As the UK trudges its way out of its latest nationwide lockdown, we face an even greater issue – the climate crisis. Yet one lesson that can be learned from the Covid-19 pandemic is just how quickly we can act when faced with adversity, if society, government, and business work together.
When it comes to the climate crisis, the impact of Covid-19 has not been the negative story that was initially expected. UK consumers, for instance, are increasingly turning to electric vehicles, with demand up 185.9% in 2020 compared with 2019, despite a historic slowdown in car sales. The finance industry, too, has seen a rise in the demand for sustainable and ESG-related (environmental, social, and governance) products, which indicates that sustainable investing has turned a corner despite the grim economic consensus.
Yet more needs to be done to tackle the climate crisis. If we can learn anything from the countries who have most successfully contained the Covid-19 crisis, it is that to act early, and to act comprehensively, has stood them in good stead. Those who failed to act until it was too late are still bearing the brunt today.
Reading the papers, you might think that the scale of the climate crisis has been grasped, yet even the most forward-thinking measures simply do not go far enough. The UK for its part must up its game in the net-zero challenge, harnessing the power of civil society, government, and business to tackle the climate crisis.

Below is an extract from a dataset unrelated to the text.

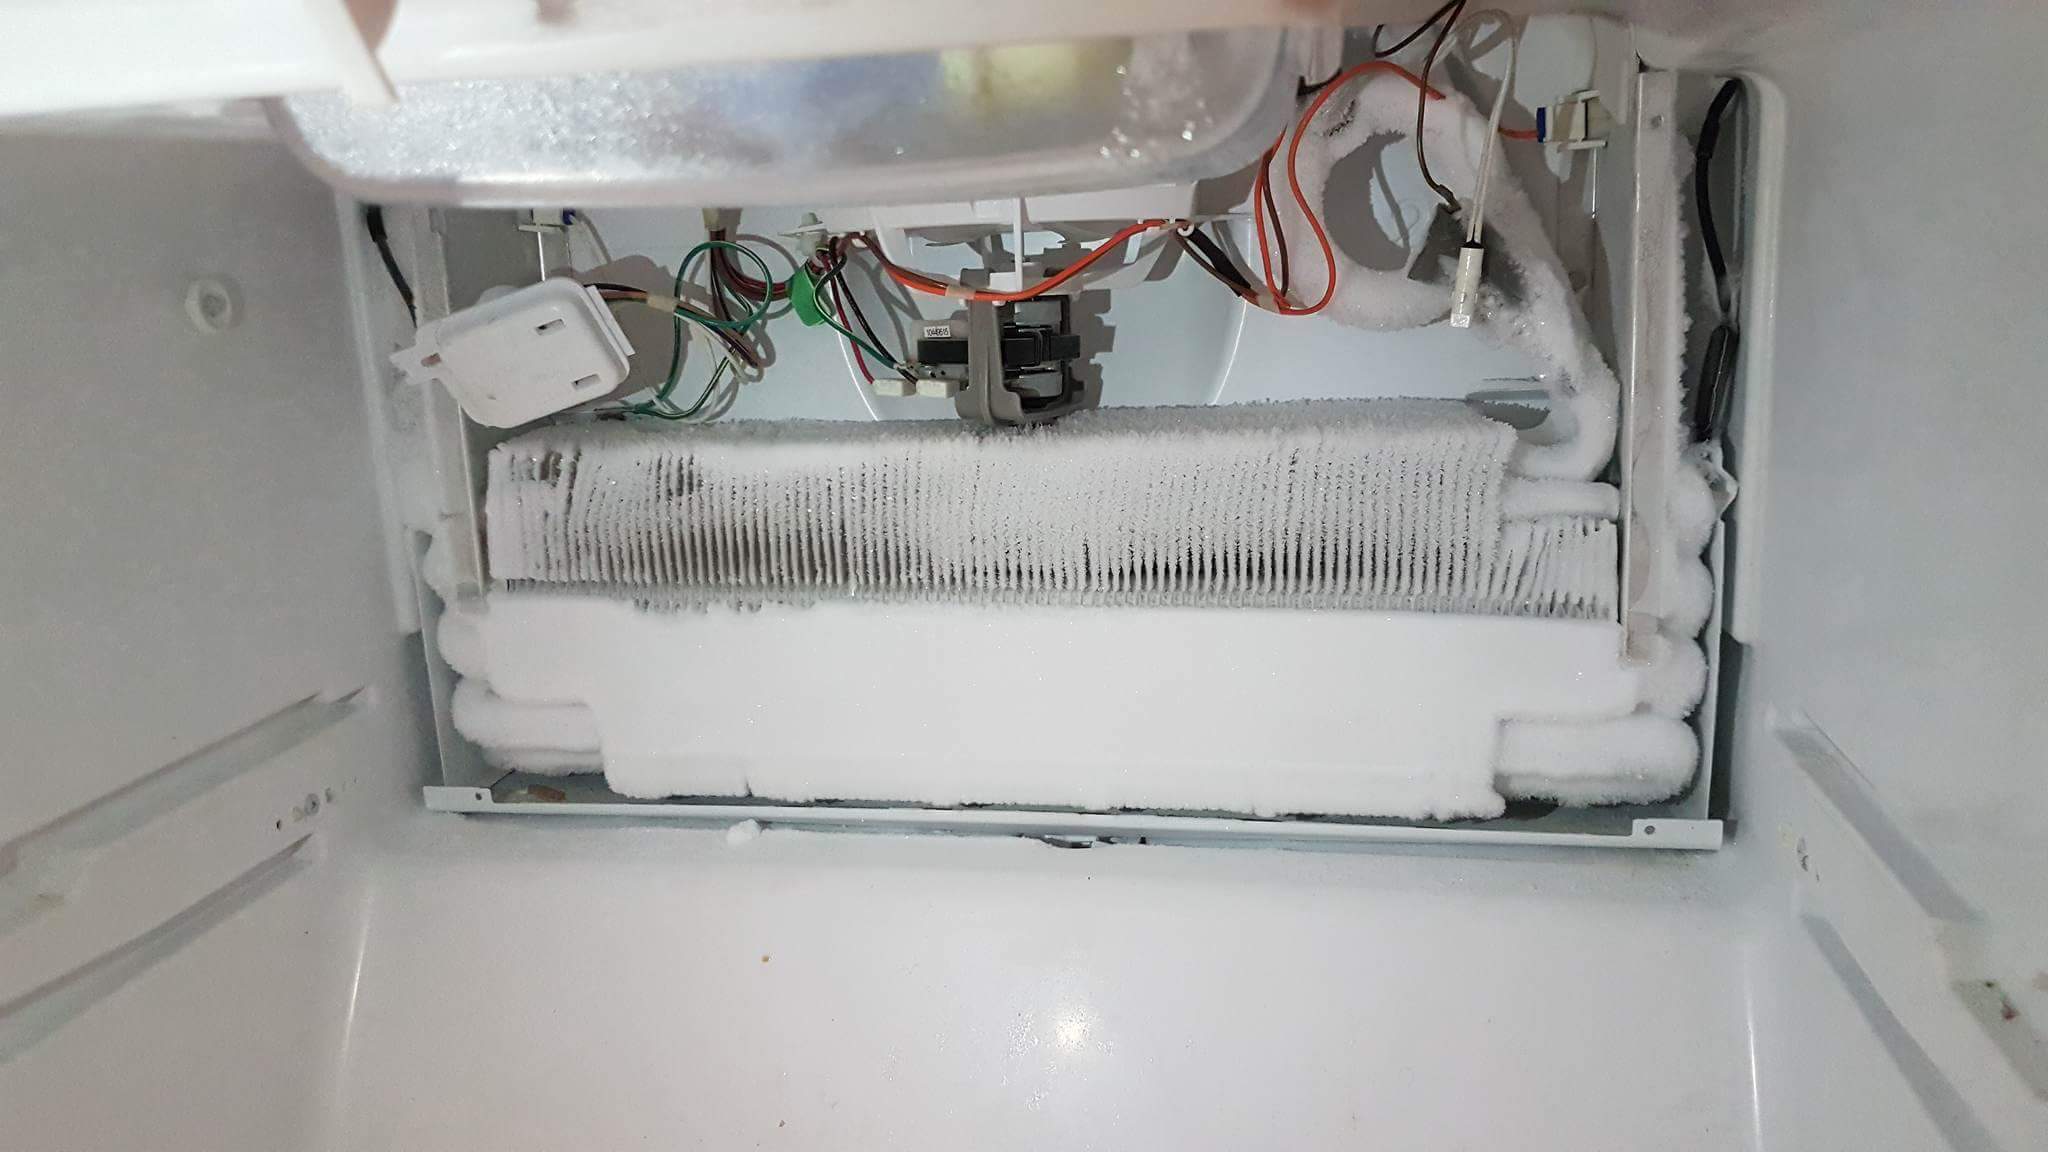 Appliance Repair Service in Toronto 🛠️ I-Fix Appliance Repair

One area where consumers, businesses, and government can work together is on electric vehicle adoption. Momentum is building, but much more needs to be done.

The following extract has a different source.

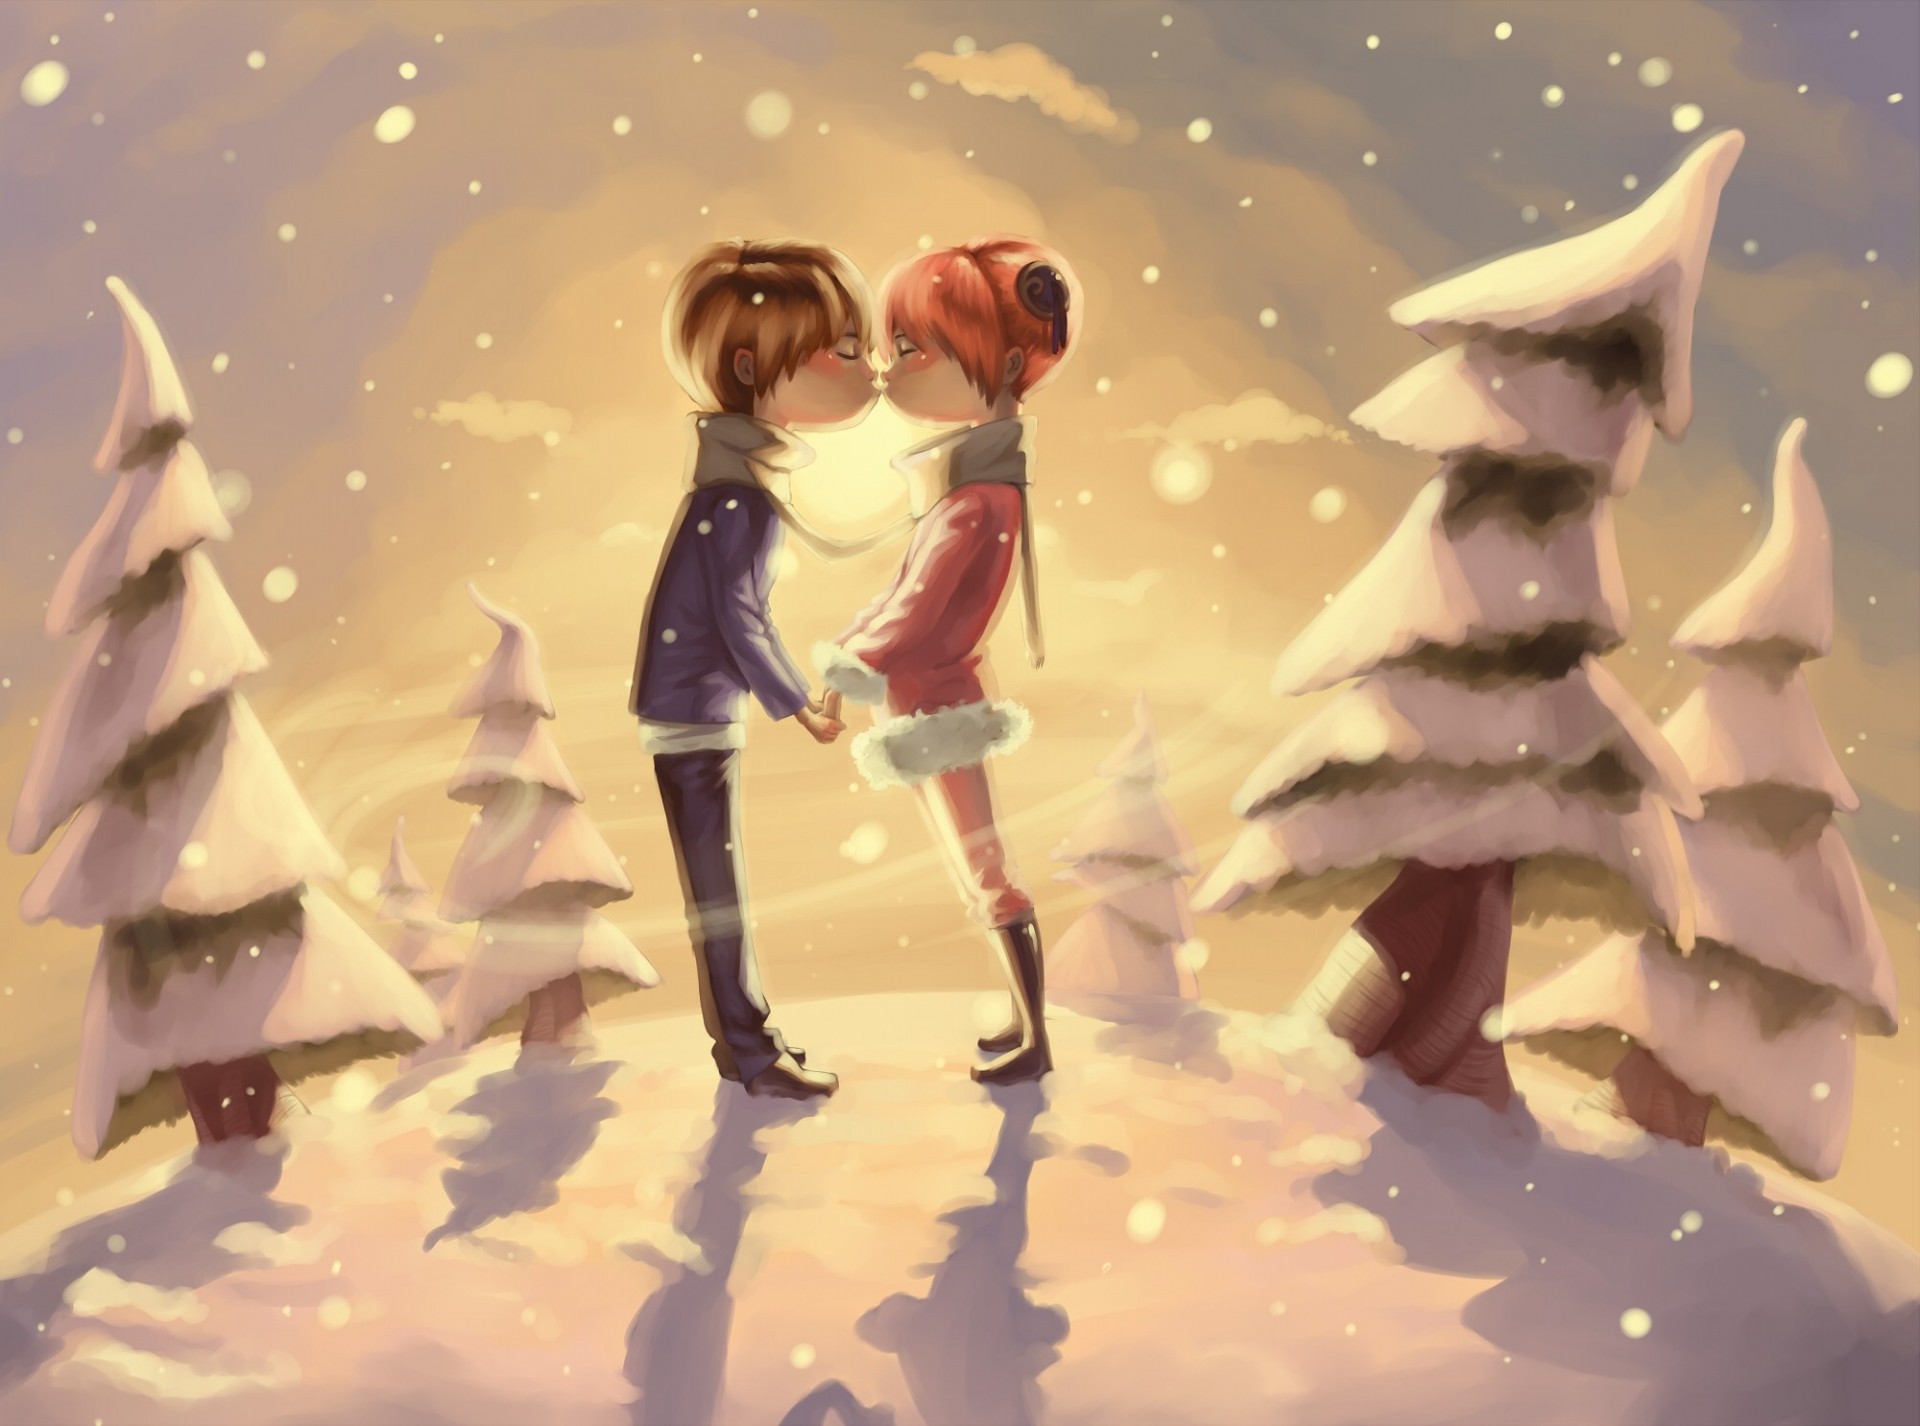 романтика деревья снег пара поцеловать зима

First of all, while EV sales grew in 2020, only nine percent of motorists plan to ‘go electric’ when they next purchase a car. A full 78% of drivers are still put off by the price of EVs, indicating that the green alternative is still out of the price range of British motorists. With many in the UK facing unemployment and hardship in the months to come, this is a crucial sticking point for EV adoption.
The UK Government already offers a Plug-in Car Grant for electric vehicle owners, but an increase would offer valuable respite. Motorists also favour VAT on zero-emissions vehicles being cut or abolished. Given the UK Government’s much-publicised commitment to phase out the sales of new petrol and diesel cars by 2030, this should be a no-brainer. Instead of focusing energies on how to fund the tax shortfall of this commitment, the focus should be on the short term – how to encourage mass adoption of electric vehicles so that the 2030 target is met as soon as possible.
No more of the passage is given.